All dishonesty is bad. Some dishonesty needs to be dealt with by dismissal and even prosecution if laws have been broken. Some dishonesty should be dealt with by a reprimand and a second chance.
Your company handbook should be very clear about the types of dishonesty that will lead to immediate dismissal. New employees should sign off on receipt of this information. Activities leading to immediate dismissal might include improper use of company equipment, bringing illegal substances into the workplace, fighting with or threatening another co-worker, or violation of specific high-danger safety codes.
Then there are offenses that are misdeeds for which warnings will be issued. Usually, dismissal will follow after one verbal and a written warning about the same offense.
If you have hard-hat, safety-glasses or safety-shoe requirements in certain areas, leaders must not violate these rules since others will follow that example. There should be no exceptions.
But making too many onerous conditions for workers to prevent minor theft can add a lot of cost to your operations.
In the assembly area of our shop, all hardware was controlled from a crib where the mechanic would go with a detailed list of the nuts, bolts and screws he needed for the project. What a time-waster that was! Beside the trip, there was the idle chatter with the attendant about the latest scores or fishing adventure. We discussed providing on-the-floor bin control for all the standard hardware items used in assembly. “But people are going to just help themselves to these items for their home workshops!” Sure, but once they’ve taken the few items they want, it will end; and the cost will be minimal compared to the lost time under the current system.

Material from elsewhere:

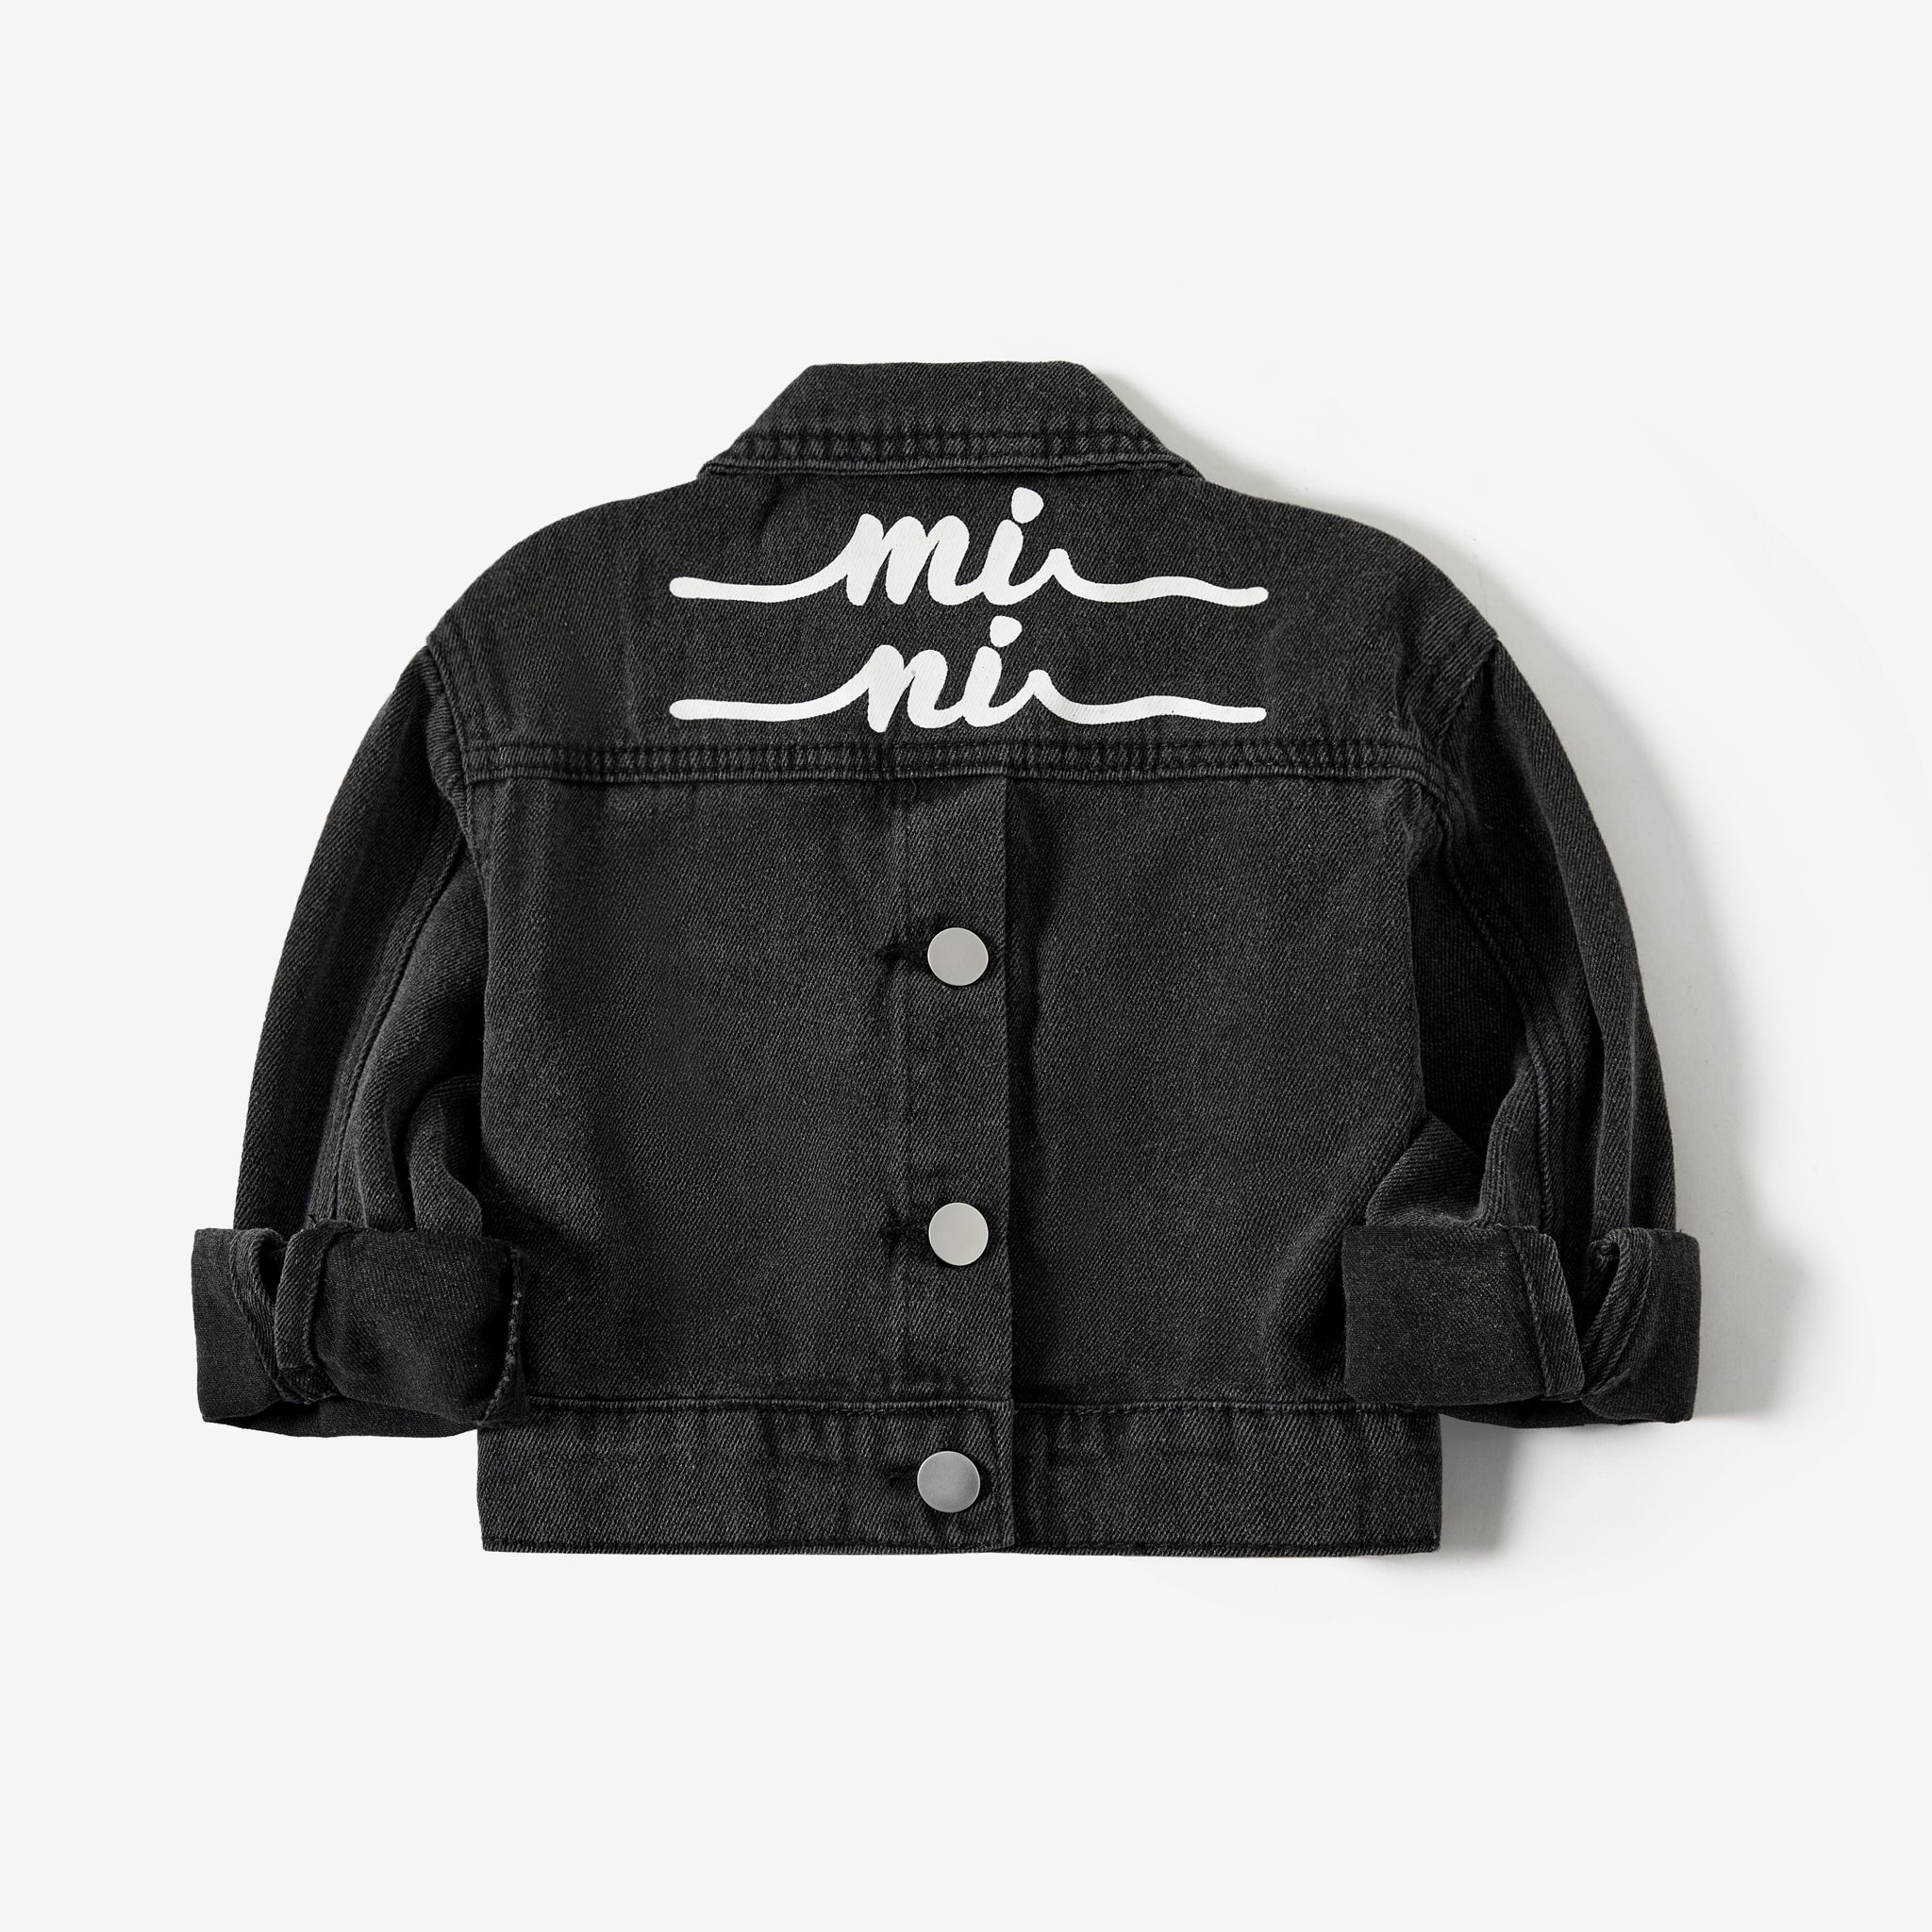 Mommy And Me Casual Letter Print Buttons & Patch Pocket Design Long-sleeve Jackets Denim Coats

The system was installed and it works far better than expected. We now no longer even track these items. The supplier does all the tracking and replenishes the bins as needed. And there was the added benefit of reduced assembly time and cost for all the products. We did not encourage employees to take this material, and most probably did not. In this case, however, allowing for a small amount of “dishonesty” resulted in a win-win situation for both the company and the employees.